When we describe a negative situation we can use the words problem or difficulty and they are often used interchangeably. But, when you explore their true meaning, you’ll see that they refer to two quite different concepts. So let’s take a minute or so to explore the fundamental difference between the subjective, personalised and internal nature of a problem – that is, a conflict in a person’s perception of elements in the real world – and the actuality – the existential, undeniable fact – of the thousand and one random difficulties that always will happen in the course of a lifetime.
The Unitive® coaching approach does not deal with life’s external difficulties. A person who is able to see the world as it really is will always deal with whatever life comes up with, in his or her own authentic way. If there are difficulties that he doesn’t have the skills or knowledge to cope with, he may go to a professional for help. However, the problems the Unitive® coach addresses are purely subjective. They do not exist in the world as such, but only in the client’s comprehension of that world.
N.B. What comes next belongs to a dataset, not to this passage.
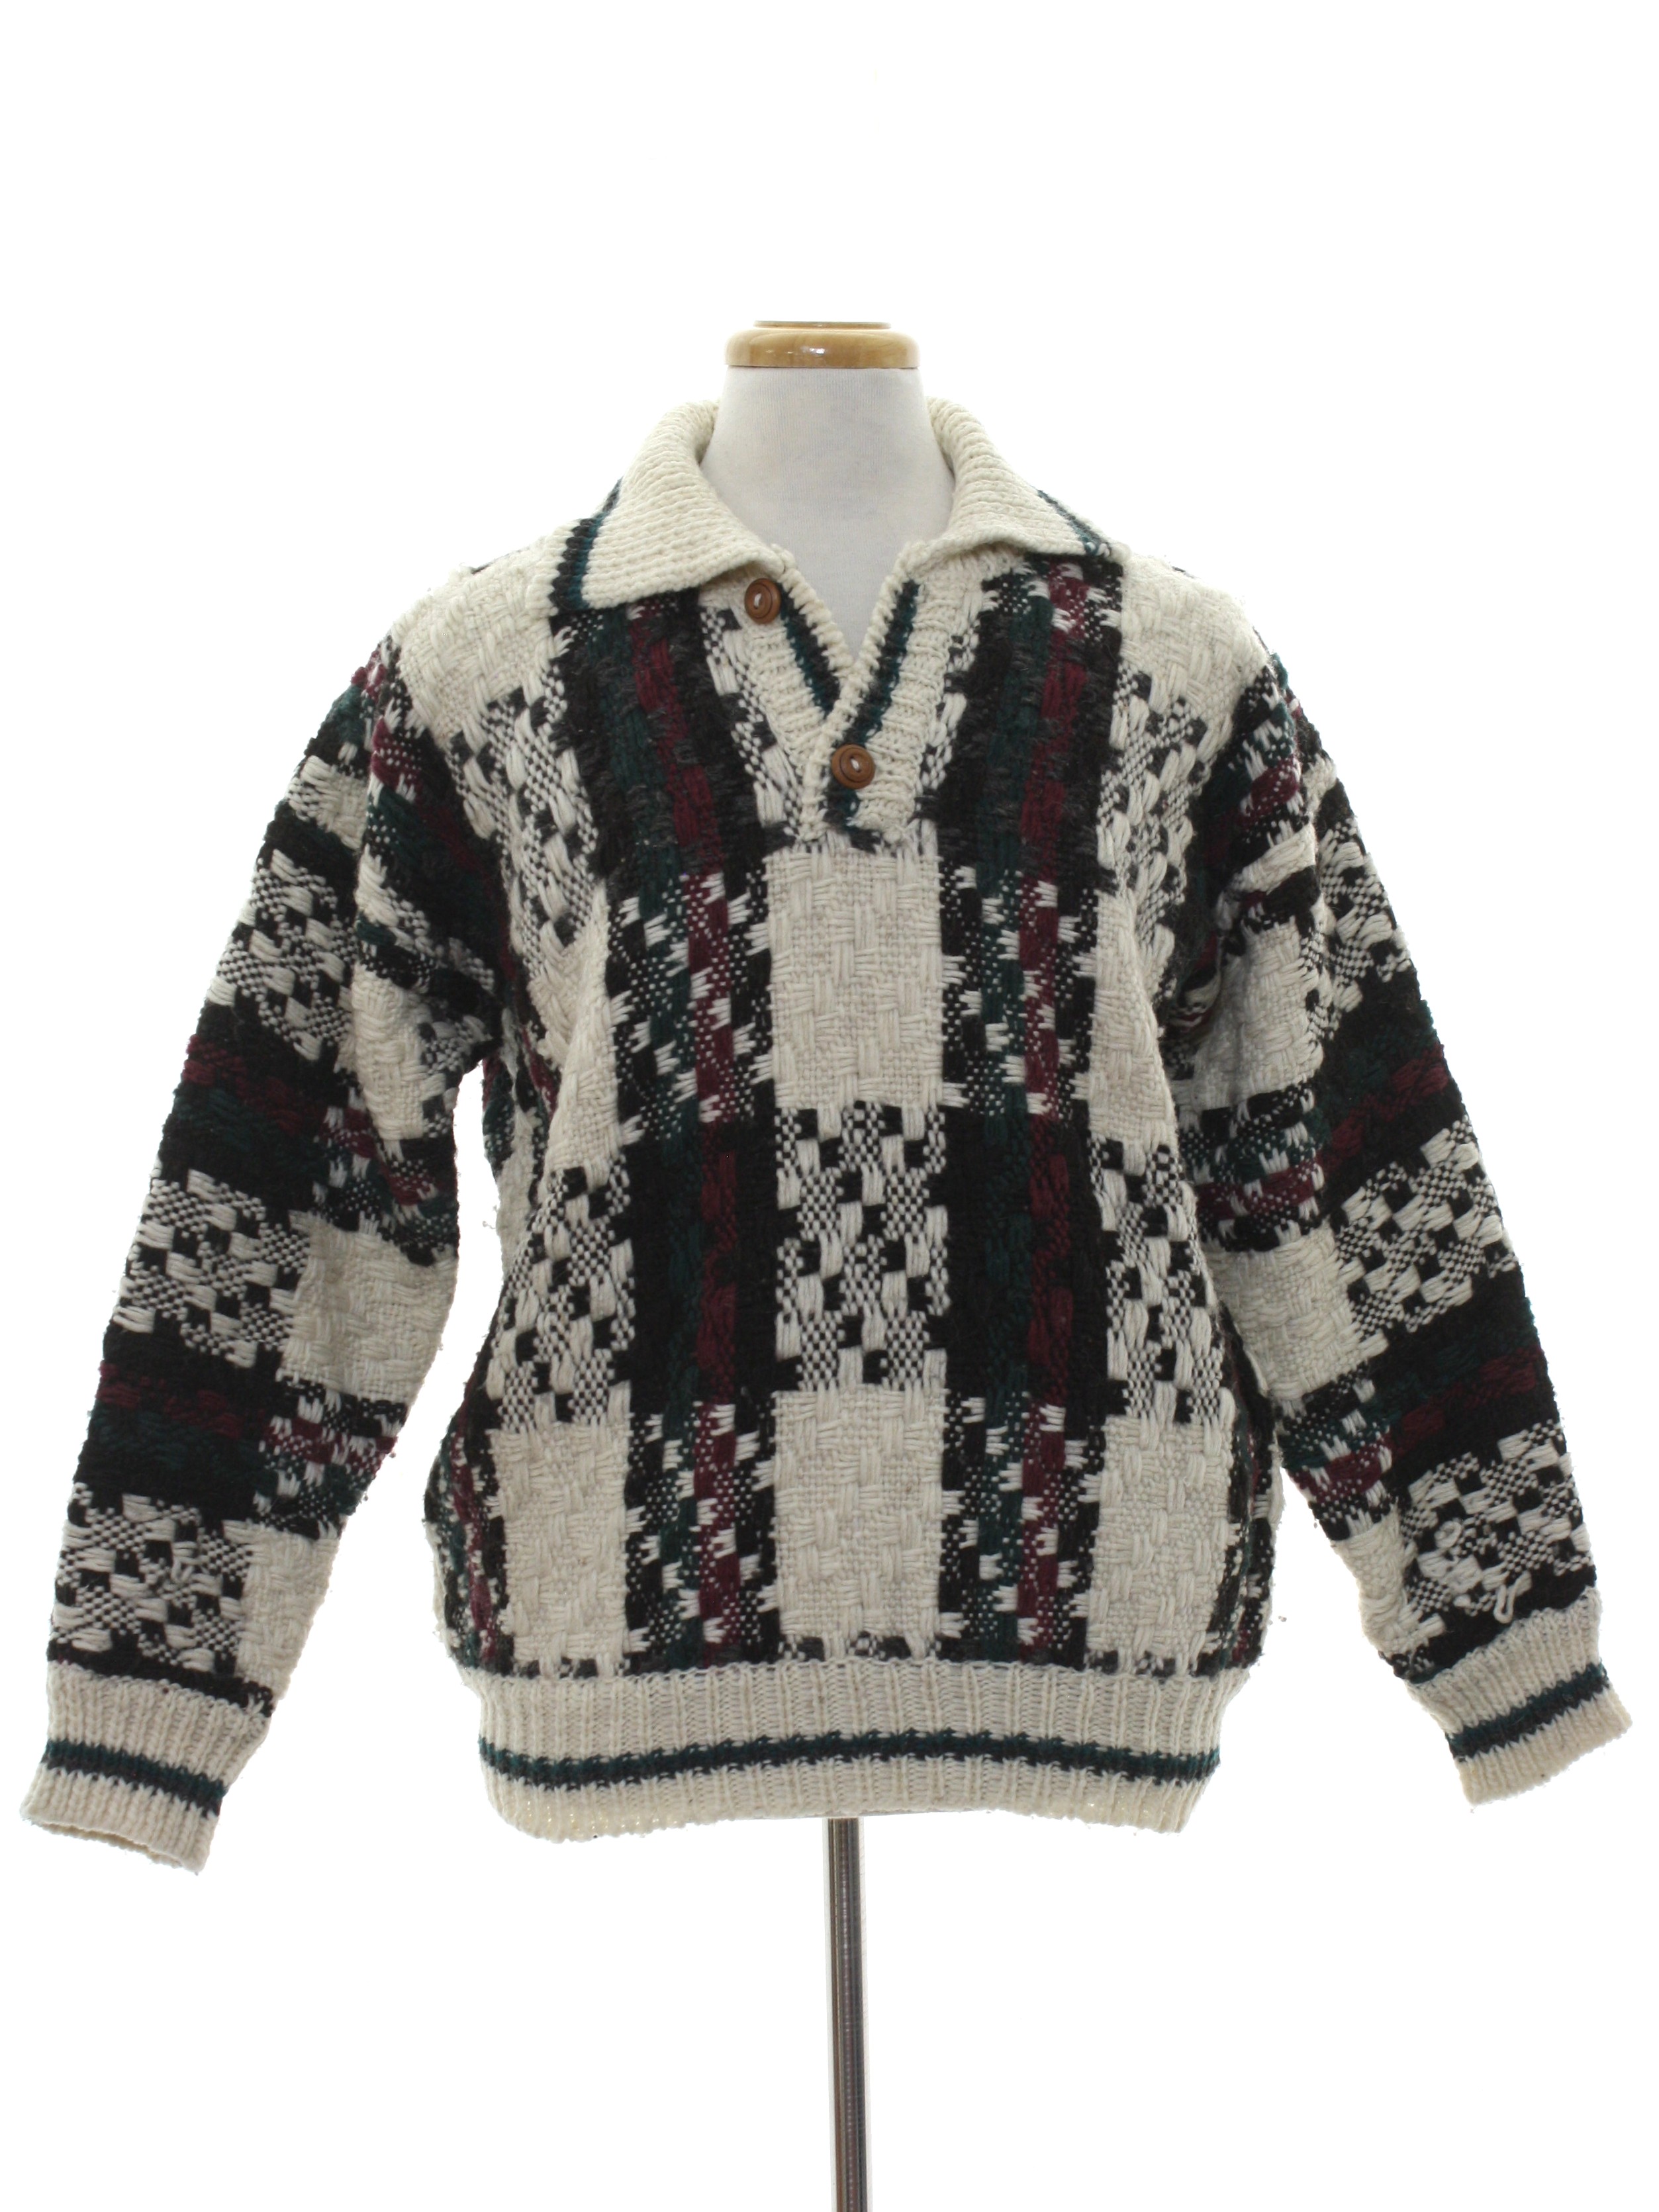 Nineties Vintage Sweater: 90s -Hand Knit in Ecuador- Mens winter

The traditional definition of a professional is someone can help the client to deal practically with difficulties in the real world – who has specialised knowledge of a particular aspect of that world, and therefore is able to identify and help to resolve the practical difficulties that arise from the client’s lack of expertise in that particular field of endeavour. By virtue of the fact that he knows more about a particular subject than the person who is asking for help, he (or she) therefore has the power to resolve the client’s difficulties – power that the client doesn’t possess. That’s what the client pays for. You go to a dentist, for example, and you ask for his professional help. You have pain that you can’t do anything about, but he knows about teeth and he can do things to your teeth that you can’t do. So we can define a professional as someone who has some kind of expertise, a practical set of skills, which you don’t intrinsically possess.
If we as coaches put ourselves up to ‘help’ someone, then what we’re doing is, we’re saying in effect that this person needs some kind of external source of aid before they can come to terms with their problems. In Unitive® coaching, we never lose sight of the basic fact that the client’s problems don’t exist in the real world, but only in the way he or she has been conditioned to perceive it. It’s really disingenuous to believe that a coach can ‘help’ the client by assuming the role of an expert; someone who sets himself up to know more about any particular client’s internal process than the client himself. When you think about it, that really doesn’t make sense. The whole point of the Unitive® approach to coaching is not to offer help, but to facilitate the client to help himself. The Unitive® coach works with the client on a level playing field – faces the client as another vulnerable human being – to appreciate the client’s humanity as being intrinsically the same as his own.
In the Unitive® approach to coaching the coach acts as a an interpreter; to facilitate whatever meaning is implicit in whatever it is that the client is presently prepared to share. We as coaches must ask ourselves, what does it mean, what does it signify, that this person has come a certain distance, paid a certain amount of money and is presently sitting down in front of us. What are his expectations? What are his fantasies about our expertise? How much power does he transfer on to us? And are we going to encourage those fantasies by acting as an ‘expert’, or do we begin to tutor him toward the insight that he doesn’t in fact need to have what he perceives as his problems – that he has within him the power to liberate himself?